Chapter Outline Notes
I. Basics of Cash Flow Reporting
A. Purpose of a Statement of Cash Flows
To report all major cash receipts (inflows) and cash payments
(outflows) during a period. This report classifies cash flows into
operating, investing, and financing activities. It answers important
questions such as:
1. How does a company obtain its cash?
2. Where does a company spend its cash?
3. What explains the change in the cash balance?
4. How much is paid in cash dividends?
B. Importance of Cash Flows
Information about cash flows, and its sources and uses, can
influence decision makers in important ways.
C. Measurement of Cash Flows
The phrase, cash flows refers to both cash and cash equivalents. A
cash equivalent must satisfy two criteria:
1. Be readily convertible to a known amount of cash.

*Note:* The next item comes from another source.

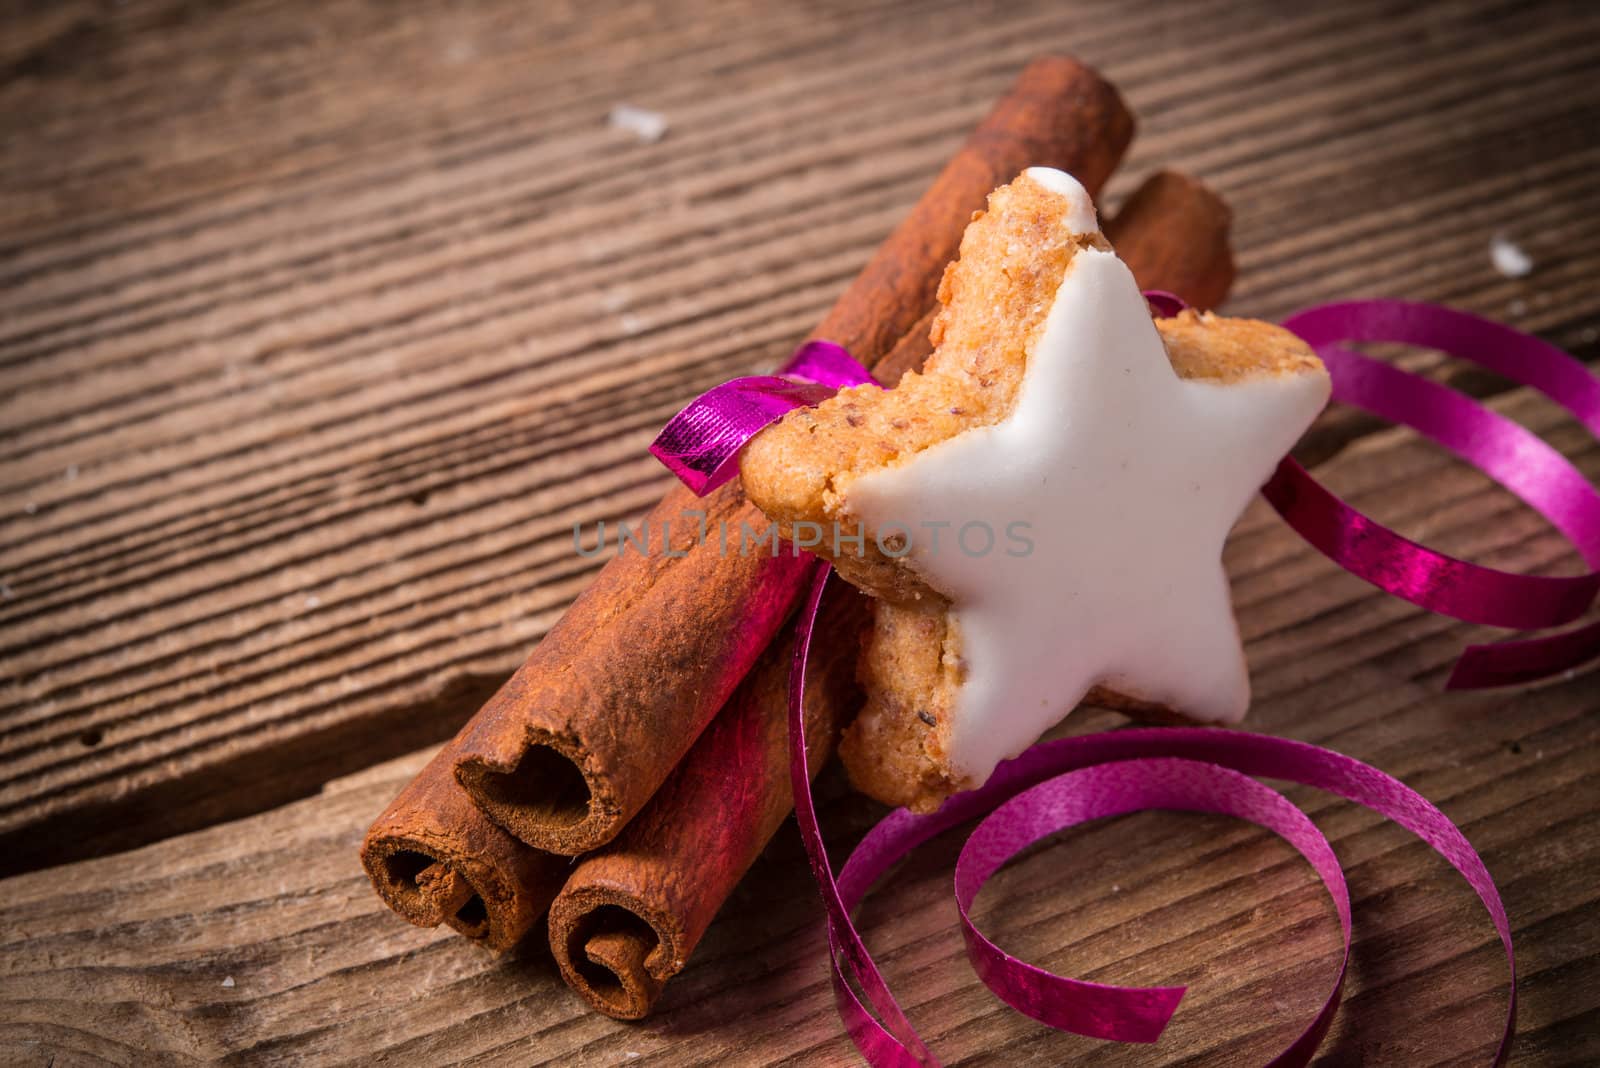 cinnamon sticks and Christmas cake

2. Be sufficiently close to its maturity date so its market value is
unaffected by interest rate changes.
D. Classifications of Cash Flows
Cash receipts and cash payments are classified and reported in one
of three categories:
1. Operating activities include transactions and events that
determine net income (with some exceptions such as unusual
gains and losses). Specific examples:
a. Cash inflows from cash sales, collections on credit sales,
receipts of dividends and interest, sale of trading
securities, and settlements of lawsuits.
b. Cash outflows for payments to suppliers for goods and
services, to employees for wages, to lenders for interest, to
government for taxes, to charities, and to purchase trading
securities.
2. Investing activities include transactions and events that affect
long-term assets, namely the purchase or sale of these assets.
Specific examples:
a. Cash inflows from selling long-term productive assets,
selling available-for-sale securities, notes and held-to-
maturity securities, and collecting principal on loans to
others.
b. Cash outflows from purchasing long-term productive
assets, purchasing available for sale securities and held-to-
maturity securities, and making loans to others.